A range of Australian companies have announced COVID-19 treatments, some of which are clearly opportunistic and others which may have some substance behind them. Some of these companies include:

Mesoblast (ASX:MSB) and Cynata (ASX:CYP) have launched clinical trials to see whether their stem cell therapies can help reduce the body’s overactive inflammatory response to the disease.

Mesoblast shareholders have benefited from the company’s fast-tracked US trials, with the stock back at five-year highs.

Cancer biotech Noxopharm (ASX:NOX) also claims the active ingredient in its drug, idronoxil, inhibits an inflammatory pathway when the body goes into overdrive against COVID-19.

The US Food and Drug Administration (FDA) is currently evaluating a pre-Investigational New Drug submission from Noxopharm. A pre-IND is an ‘introduction’ to the regulator, which can then decide whether to allow further studies go ahead.

Antiviral condom lube maker Starpharma (ASX:SPL) said in late April its active ingredient stopped COVID-19 infection in the lab. It has not provided any updates on this since.


Types of treatments

There are broadly four different angles that companies and research institutions can take towards a COVID-19 treatment.

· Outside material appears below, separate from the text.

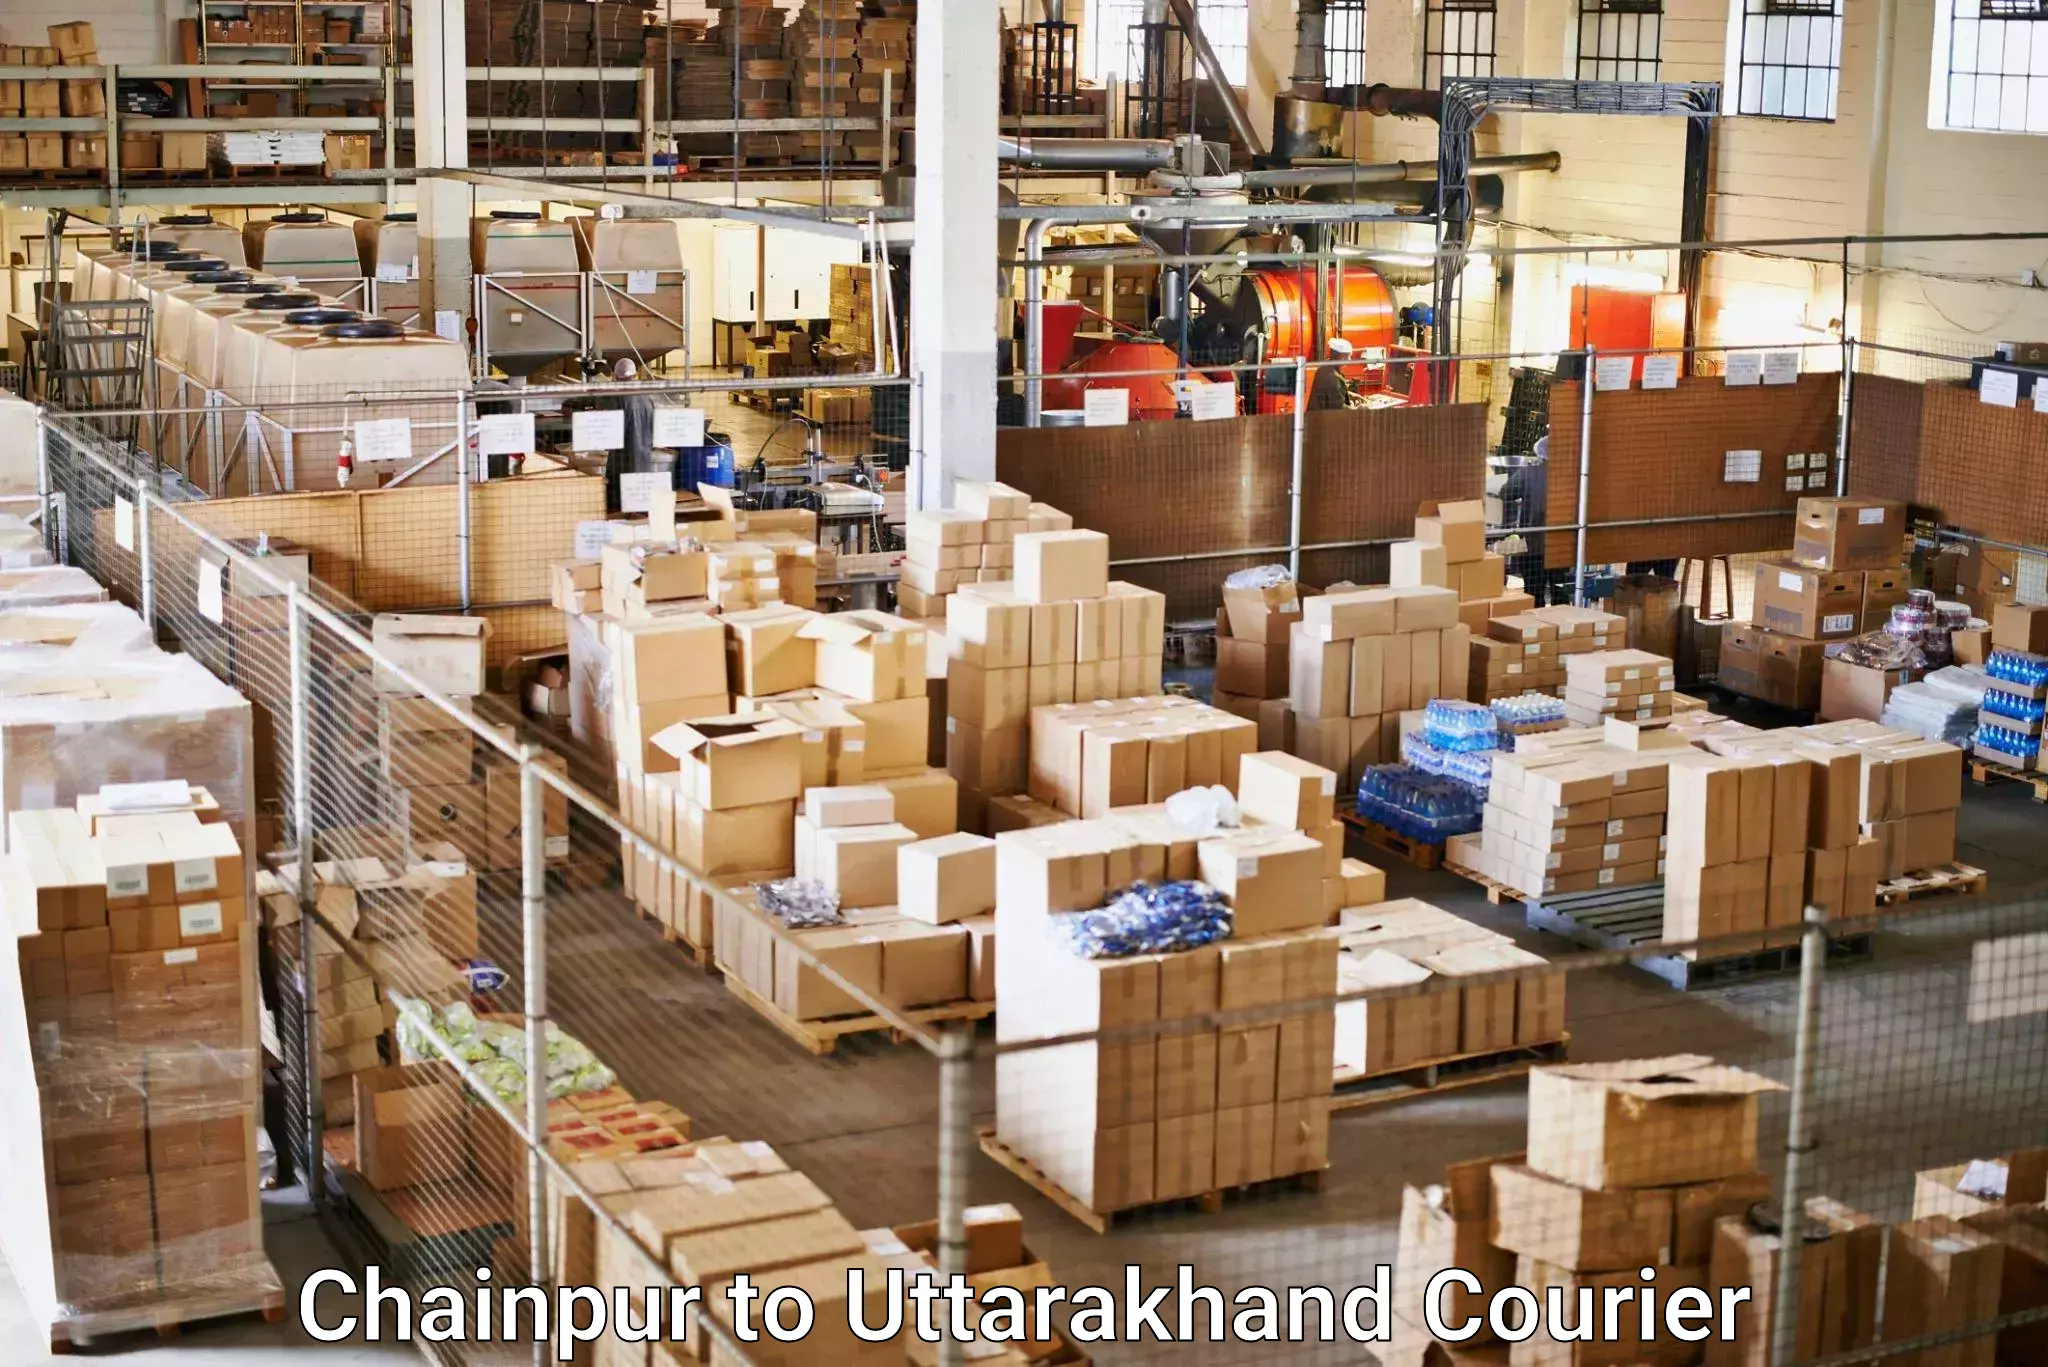 Efficient parcel service Chainpur to Dehradun

Antiviral drugs developed for other viruses include remdesivir and Hepatitis C drug danoprevir.

They also include ribonucleic acid (RNA)-specific therapies. The COVID-19 genome is made of RNA; in order to replicate it needs to copy its RNA genome so drugs inhibiting this process can help.

Antibody therapies include CSL’s immunoglobulin plasma-derived treatment. These therapies are not like vaccines in that they don’t confer long-lasting immunity against a disease, but instead give the body immediate tools to fight off an infection.

The issues are scale — there are only so many people in the world who have had COVID-19 so only so much blood can be taken, and a survivor may not have a large number of antibodies in their blood anyway.

Cell-based therapies are those sponsored by Cynata and Mesoblast, which are primarily looking at ways to engage stem cells.

The last method is to look for drugs already in use for another illness and repurpose them for COVID-19. Hydroxychloroquine is one of these.

Researchers at the University of California in San Francisco found 47 drugs already approved by the FDA for use in the US which could have an effect on the COVID-19 virus, from antihistamines to schizophrenia drugs.